TASK TO COMPLETE ▸
Each line below must be transcribed exactly, and no picture may appear in the transcription.

COLLECTED MATERIAL ▸

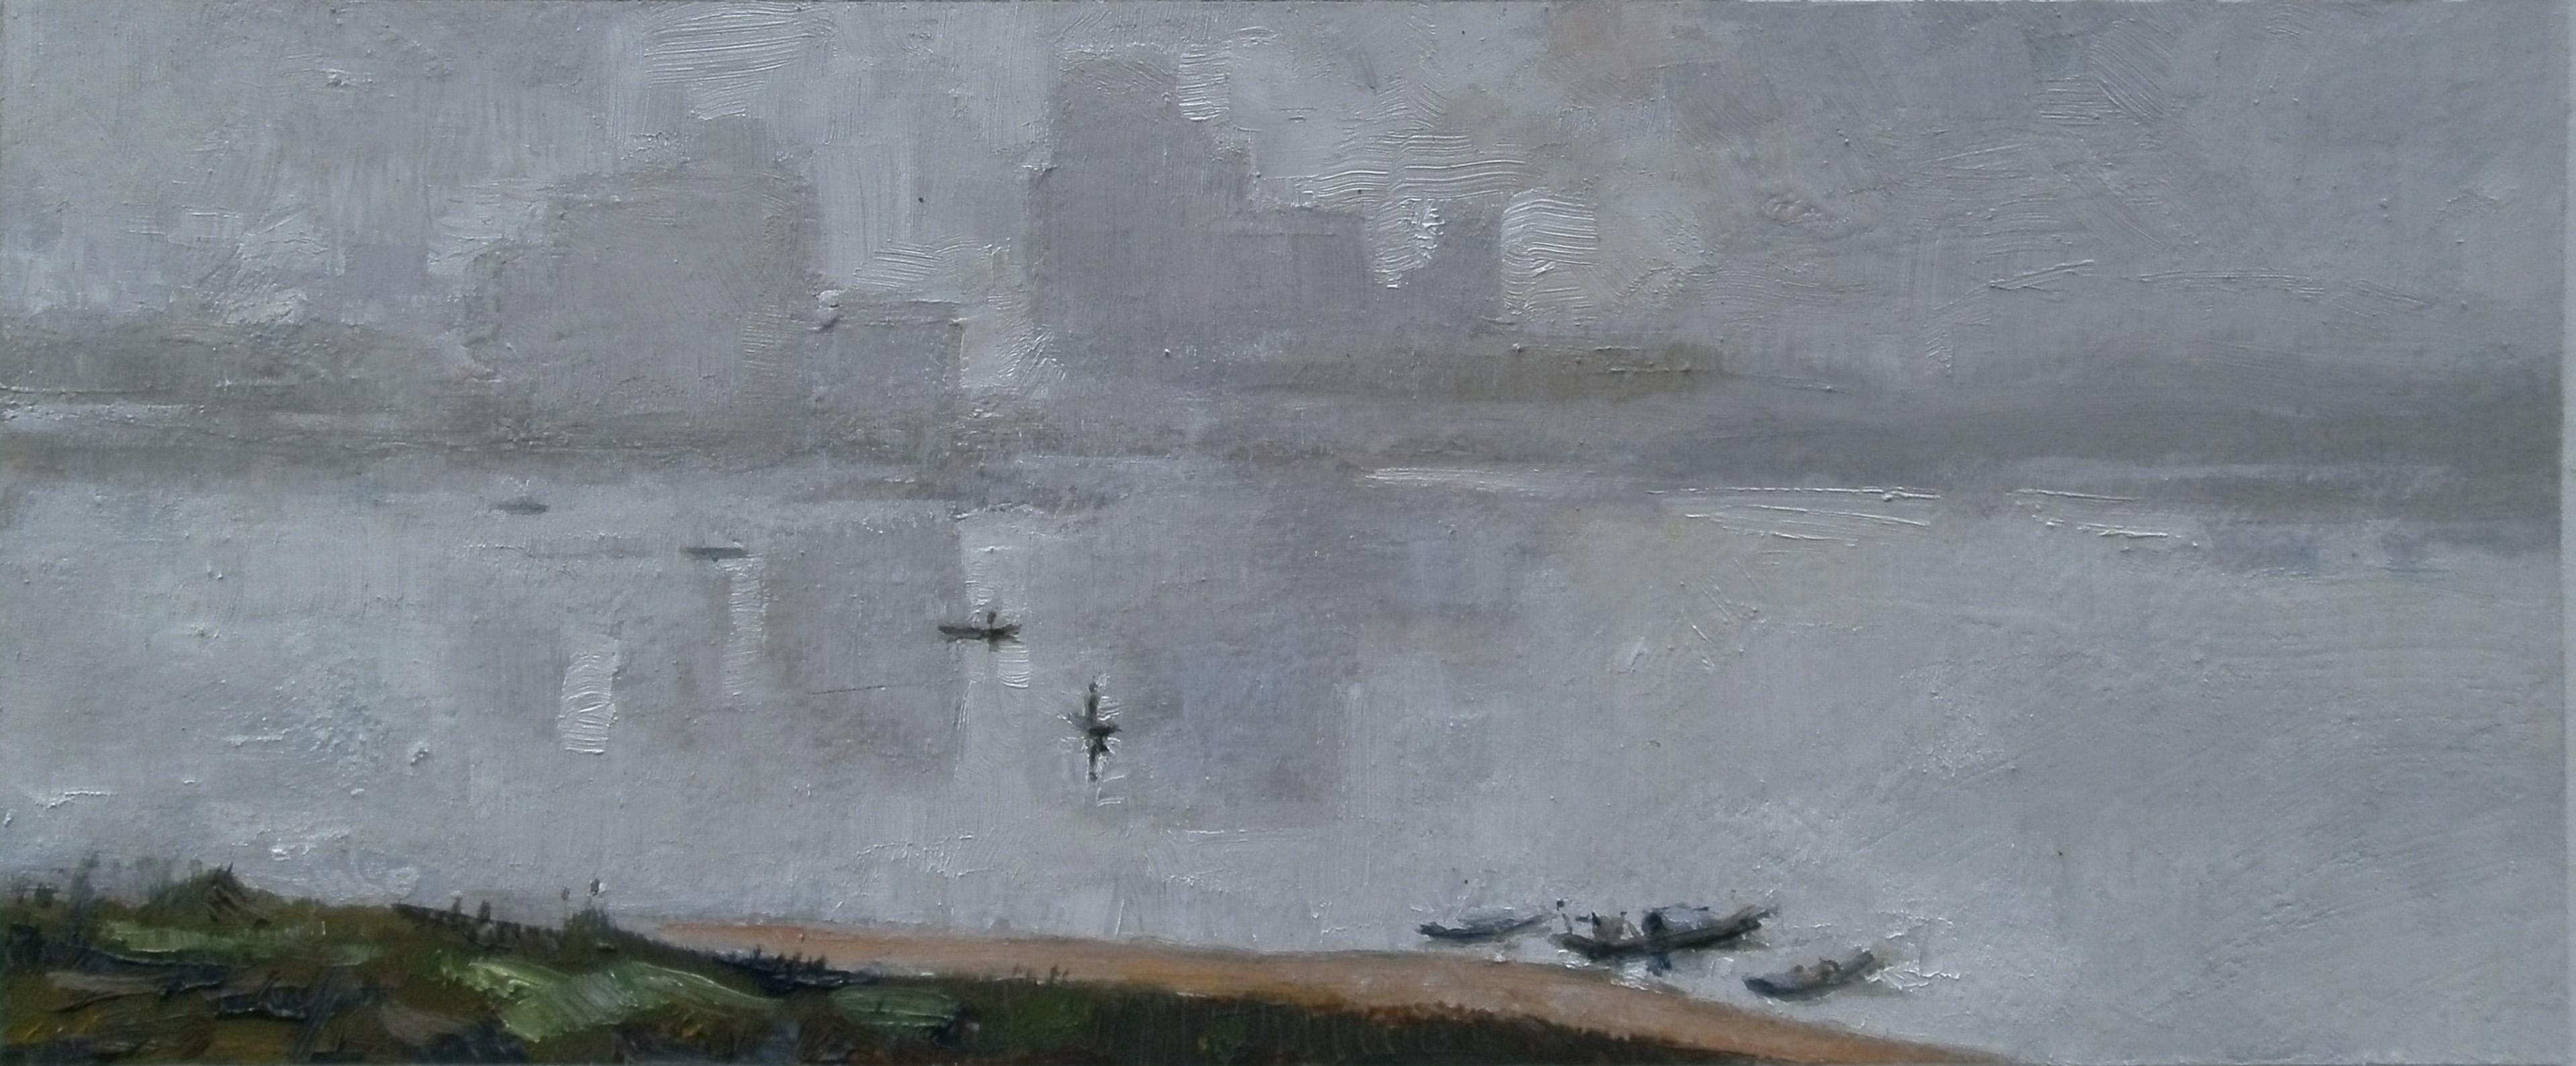 雾锁湘江(插图)
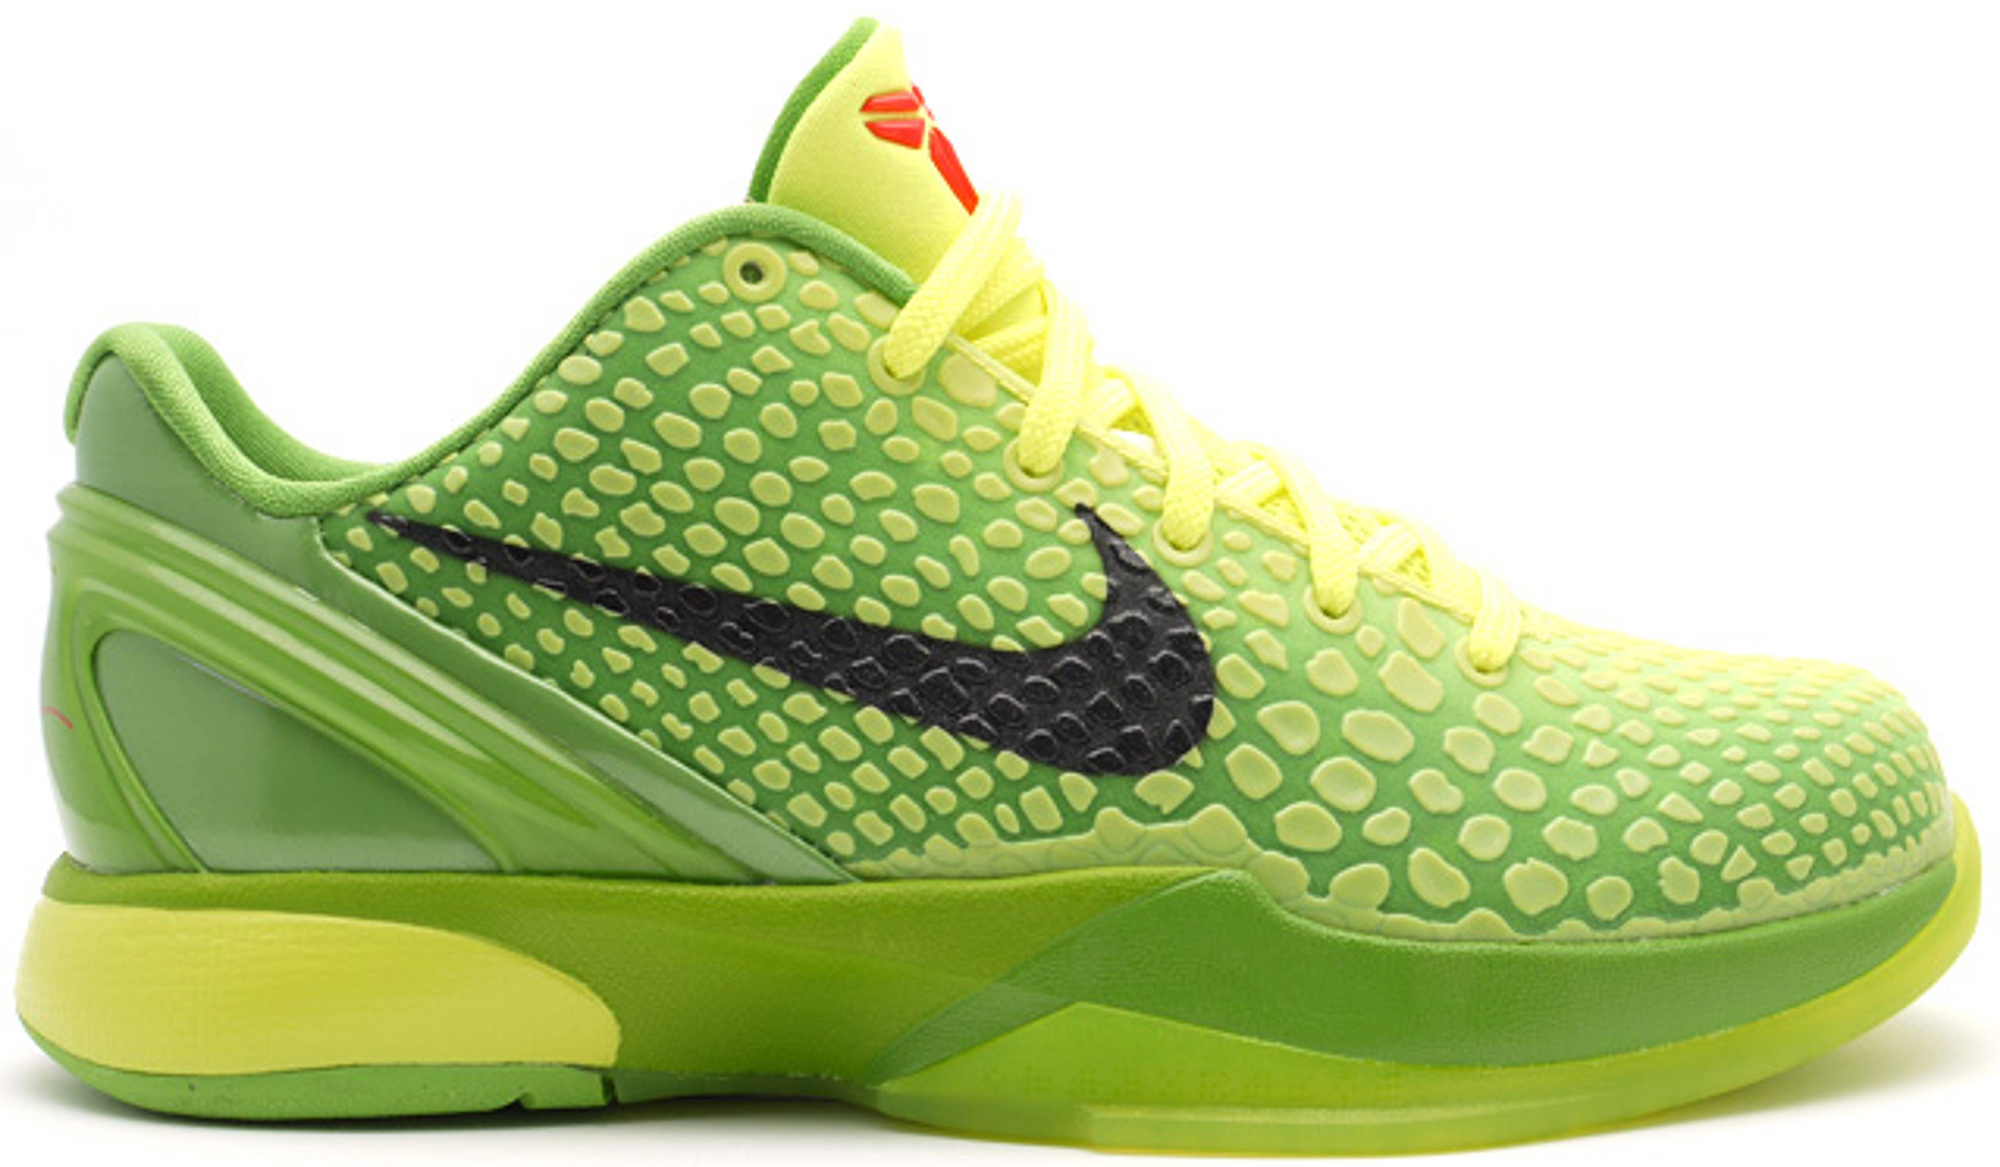 Nike Kobe 6 Grinch (GS) - 429913-300
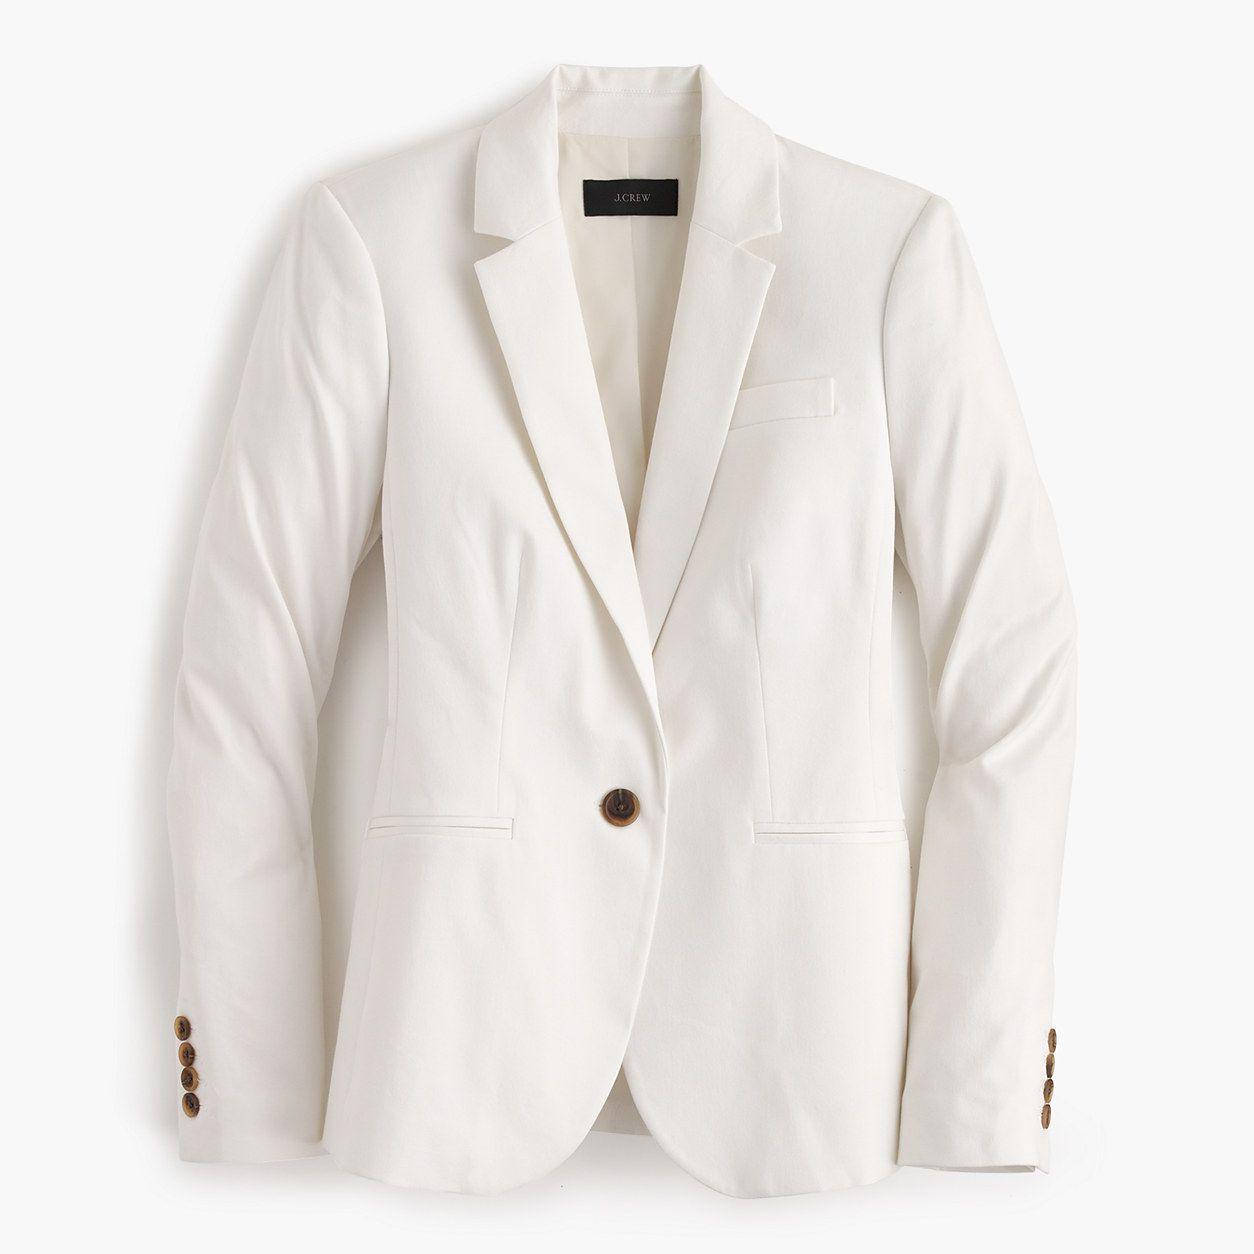 J.Crew Womens Petite Campbell Blazer In Bi-Stretch Cotton (Size 12 Petite)

EXERCISE SOLUTION ▸
 雾锁湘江(插图)
 Nike Kobe 6 Grinch (GS) - 429913-300
 J.Crew Womens Petite Campbell Blazer In Bi-Stretch Cotton (Size 12 Petite)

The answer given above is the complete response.